There are also many challenges facing tech companies and startups. Competition is inevitable, from both local and foreign rivals. “Many giants in the region are willing to ‘burn’ millions of dollars on capturing the Vietnamese market,” said Mr. Diep. “They are not startups like us, but giants.”

Similarly, Mr. Hai said BE has used quality and social responsibility in developing operations and attracting customer, rather than simply offering low prices. “If foreign rivals are willing to ‘burn money’ to offer cheap rides and attract users, BE will initially be at a disadvantage because consumers are very much interested in price first,” he added.

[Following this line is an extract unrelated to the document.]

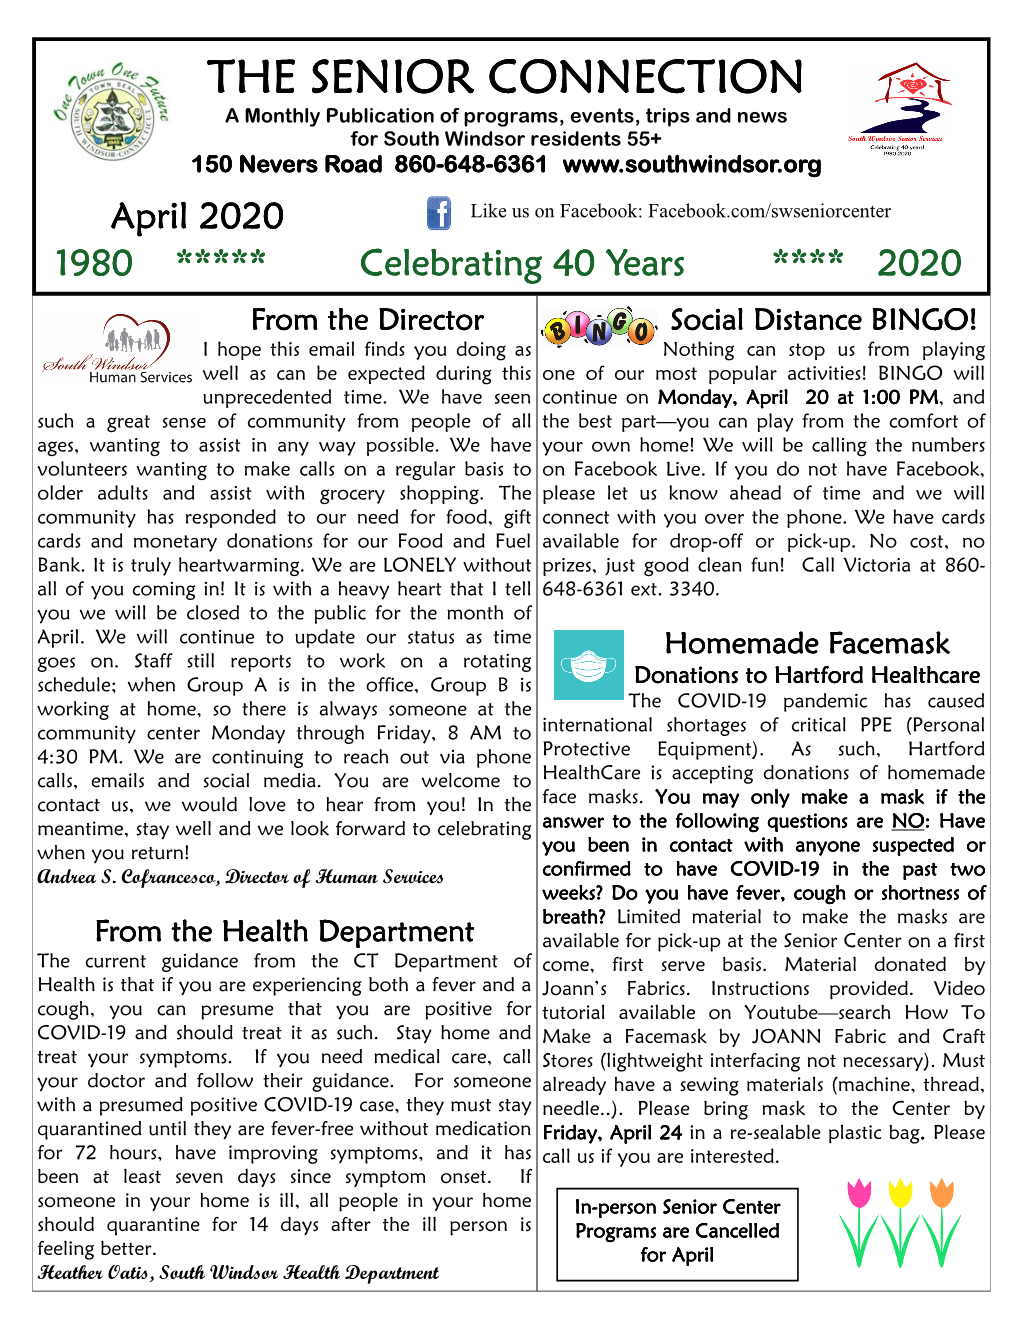 April 2020 Senior Newsletter

“be” has also faced difficulties in legal matters. It registered as a transportation company applying technology, so taxes and duties on drivers and users are higher than at its competitors. Mr. Hai believes that in the context of complex changes in the field, the looseness of the legal framework will see foreign competitors taking advantage of loopholes and will result in a business environment lacking fairness and transparency.

Companies established by Vietnamese founders like MoMo should build products that appeal to Vietnamese customers. Mr. Diep said that Vietnamese people often prefer to use foreign products, so it is necessary to change this preference and turn them towards local products. “With Vietnam’s economy still dominated by cash, companies like MoMo are working hard to create a cashless economy,” he said. 

Though there are challenges, it can’t be denied that advantages exist for tech companies and startups to compete against the world. As Mr. Diep said, when building products, the ambition of Vietnamese company founders is not only to serve the domestic market but also regional markets, and there are indeed Vietnamese names competing with foreign rivals.